Proliferative glomerulonephritis with monoclonal IgG deposits (PGNMID) is a rare form of glomerulonephritis characterized by glomerular monoclonal deposits. It predominantly presents with nephrotic range proteinuria and renal dysfunction. A third of patients with PGMID progress to ESRD. It is a renal-limited disorder, however, rare cases of PGNMID in association with CLL have been reported.

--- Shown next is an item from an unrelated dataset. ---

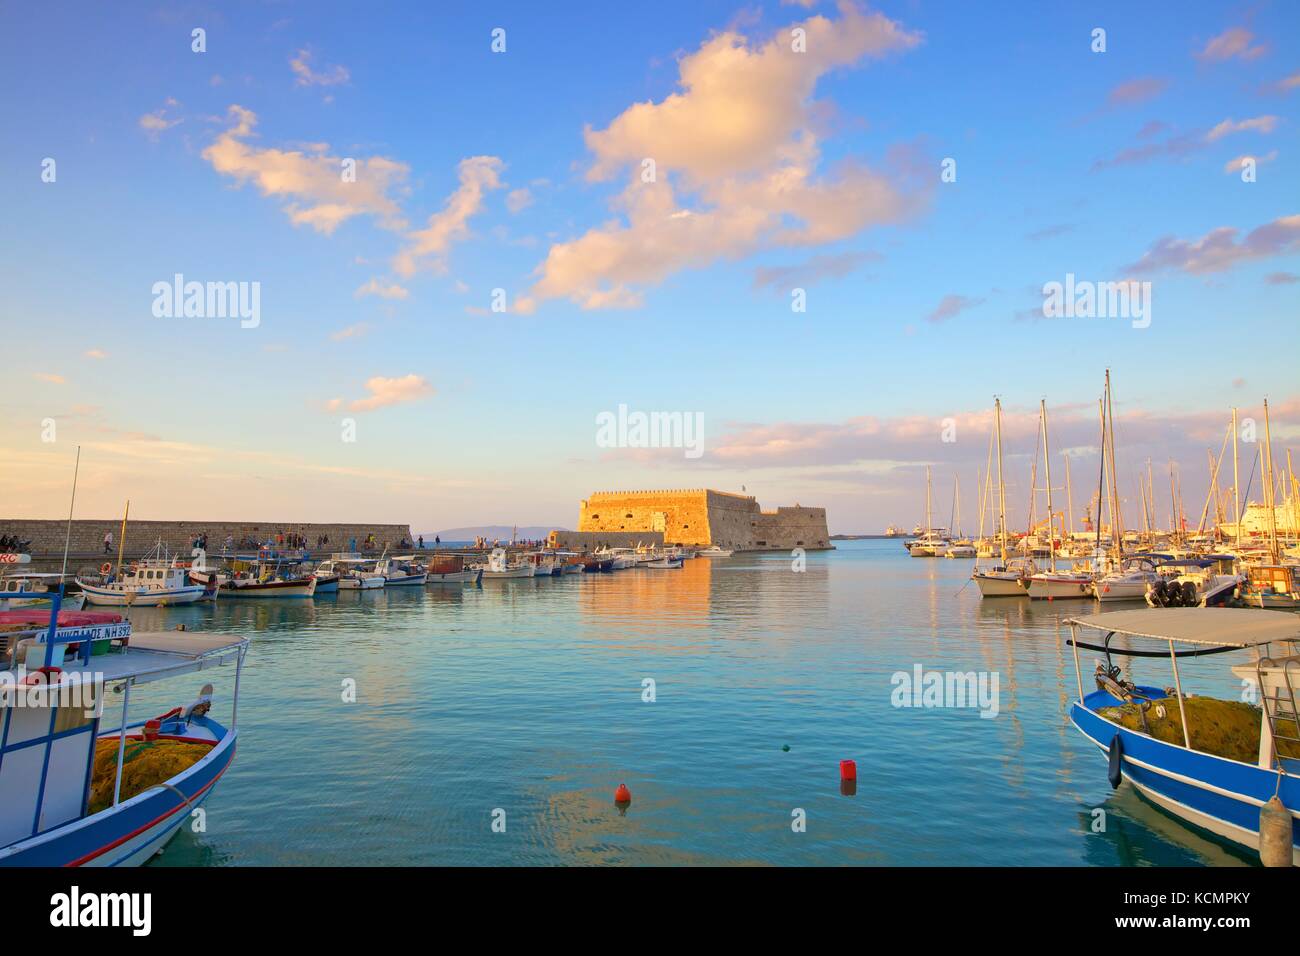 The Boat Lined Venetian Harbour and Fortress, Heraklion, Crete, Greek Islands, Greece, Europe Stock Photo

Herein, we present a case of severe renal failure due to PGNMID in the setting of underlying CLL.

Case Description

An 88-year-old female with CLL presented with oliguric renal failure. Labs revealed an elevated serum creatinine level of 7.9 mg/dL (baseline 1.1 mg/dL), and nephrotic range proteinuria. Renal biopsy showed kappa-restricted immune complex-mediated proliferative and crescentic glomerulonephritis (Fig 1) with linear staining of glomerular capillary loops for IgG (3+), and kappa (3+) suggestive of PGNMID.
It was presumed that her PGNMID was due to CLL and hence decision was made to continue with ibrutinib and assess hematological response.

Discussion

PGNMID, a rare form of GN, appears as one of the most mysterious renal disorders associated with monoclonal gammopathy. When present, it should raise the possibility of an underlying secondary etiology as hematological malignancies, especially CLL, have been recognized as a rare cause of PGNMID. Early recognition of PGNMID is a key factor for long term renal survival. Treatment therapy is aimed at monoclonal proliferation and hematological response. Identification of pathogenic clone is vital to guide treatment.
The usual absence of any detectable clonal proliferation makes its management challenging. Further studies in understanding the mechanisms of monoclonal deposition would help refine treatment strategies. This case highlights the importance of close monitoring and individualized treatment plans in the management of PGNMID.